How Generative AI Can Help Reduce Medical Errors

Authors: Amina Khalpey, PhD, Brynne Rozell, DO, Jessa Deckwa, BS, Kirtana Roopan, Zain Khalpey, MD, PhD, FACS

In recent years, there has been a significant increase in the use of Artificial Intelligence (AI) in healthcare. With the advancement in machine learning algorithms, AI has shown potential in the early detection, diagnosis, and treatment of various diseases. One of the areas where AI has shown promising results is in the reduction of medical errors. Medical errors are a significant problem in healthcare and can lead to adverse outcomes, including death. This blog post will explore how generative AI can help the future of healthcare and reduce medical errors.

Generative AI:

Generative AI is a subset of AI that involves the use of algorithms to generate new data or content. This type of AI can learn from the data it is provided and create new data that is similar to it. Generative AI can be used in various applications, including image and speech recognition, text-to-speech conversion, and text generation. In healthcare, generative AI has been used to generate medical images, drug discovery, and electronic health records.

AI models are only as effective as the data on which they are trained. However, these datasets can have class imbalances or sample-selection bias, which affect the accuracy and robustness of the algorithm. Therefore, the use of generative AI to create diverse and representative datasets of the heterogeneity of patient phenotypes and of the equipment and healthcare systems used to collect data (1).

Generative Adversarial Networks (GAN) are a class of machine learning frameworks used in generative AI. They have proved particularly useful in synthetic image generation in healthcare to supply algorithms with more robust datasets upon which they can base medical decisions. GAN utilizes two competing algorithms: a generator component, which synthesizes data, and a discriminator component, which attempts to distinguish synthetic samples from real samples. The generator feeds the images it produces into and learns from the outputs of the discriminator in a feedback loop (2). The result is AI that can create realistic, synthetic data to supplement real data in machine learning.
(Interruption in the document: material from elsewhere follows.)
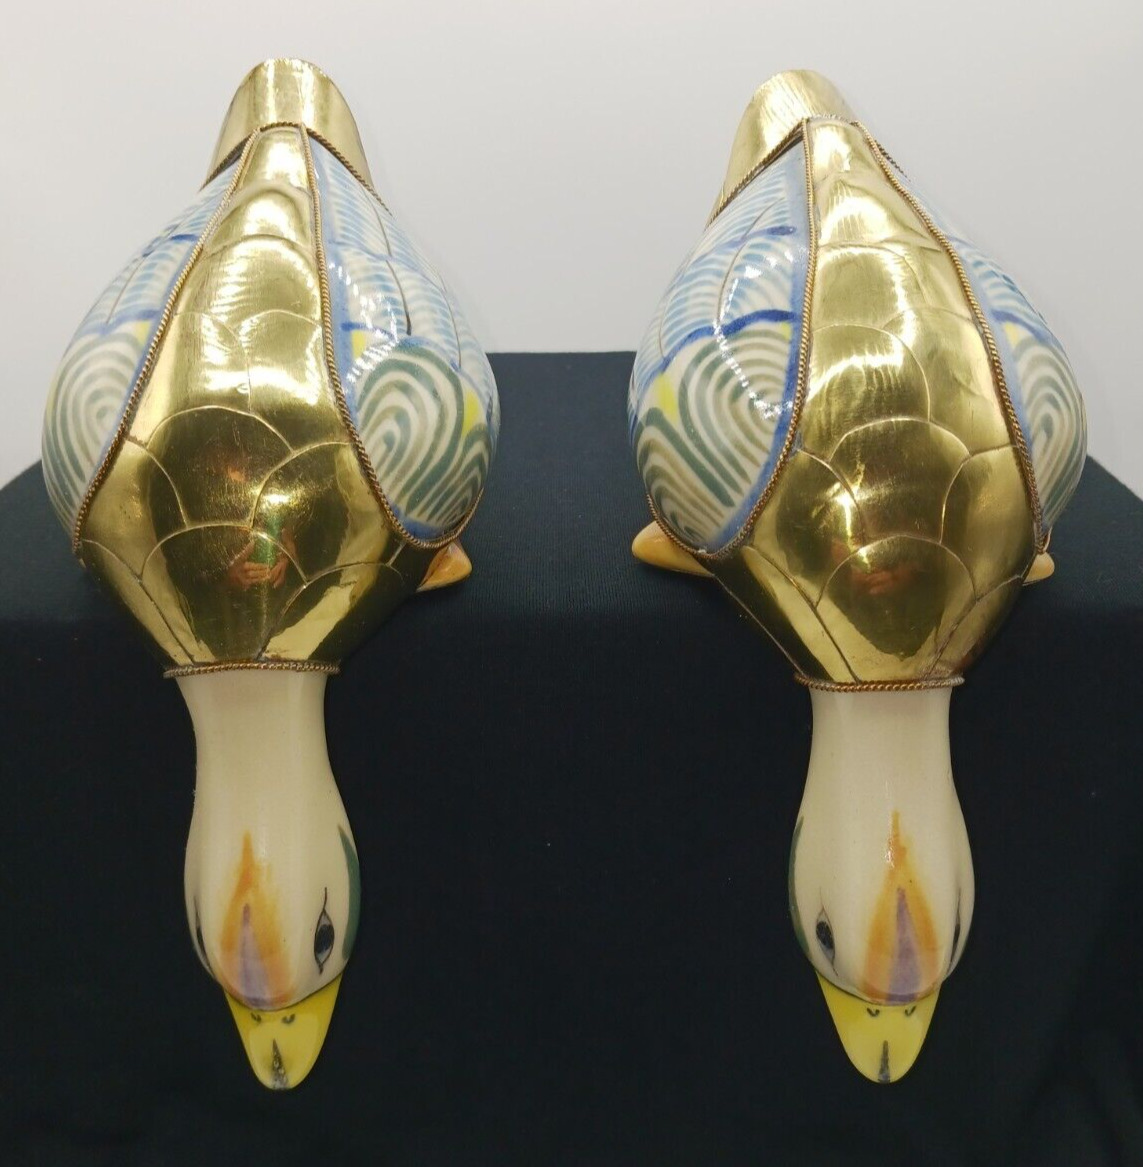 Vtg Tonala Mexico Pottery Duck Armored Brass Scales Shelf Sitter Set of 2

This framework of AI algorithm has found a wide range of applications in the world of healthcare. Exploration has found potential applications for GAN in ophthalmology by creating new retinal images, molecular oncology by generating positron emission tomography images, and neurology by producing magnetic resonance imaging (5).

Reducing Medical Errors:

Medical errors are a significant problem in healthcare, and they can occur at any stage of the healthcare process, including diagnosis, treatment, and monitoring. According to a report by the National Academies of Sciences, Engineering, and Medicine, medical errors cause an estimated 250,000 deaths in the United States annually. Medical errors are not only costly in terms of human life but also financially. According to a report by the Society of Actuaries, medical errors cost the US healthcare system $19.5 billion annually.

AI has the potential to reduce medical errors in healthcare. Machine learning algorithms can be trained on large datasets of medical data to detect patterns and predict outcomes. These algorithms can assist healthcare providers in making more accurate diagnoses, providing more personalized treatment plans, and reducing the risk of adverse events.

Improving Diagnosis:

One area where AI can reduce medical errors is in the diagnosis of diseases. Diagnostic errors are a significant problem in healthcare and can lead to delayed treatment or the misdiagnosis of a patient. Machine learning algorithms can analyze large datasets of medical data, including electronic health records, medical images, and laboratory results, to identify patterns and predict outcomes. These algorithms can help healthcare providers make more accurate diagnoses, reducing the risk of misdiagnosis or delayed treatment. AI-generated data that mimics the phenotypes of rare diseases and underrepresented patients allows algorithms to make more accurate diagnoses in a broader range of clinical settings.1

In a study published in the journal Nature, researchers developed an AI algorithm that could detect breast cancer in mammograms with high accuracy. The algorithm was trained on a dataset of over 29,000 mammograms and was able to identify cancerous tissue with an accuracy of 94.5%, compared to 89.0% by radiologists. This study demonstrated the potential of AI in improving the accuracy of cancer diagnosis.

Personalized Treatment:

Another area where AI can reduce medical errors is in the development of personalized treatment plans. Traditional treatment plans are often based on population-level data and do not take into account the unique characteristics of each patient. AI can analyze large datasets of medical data to identify patterns and predict outcomes based on individual patient characteristics.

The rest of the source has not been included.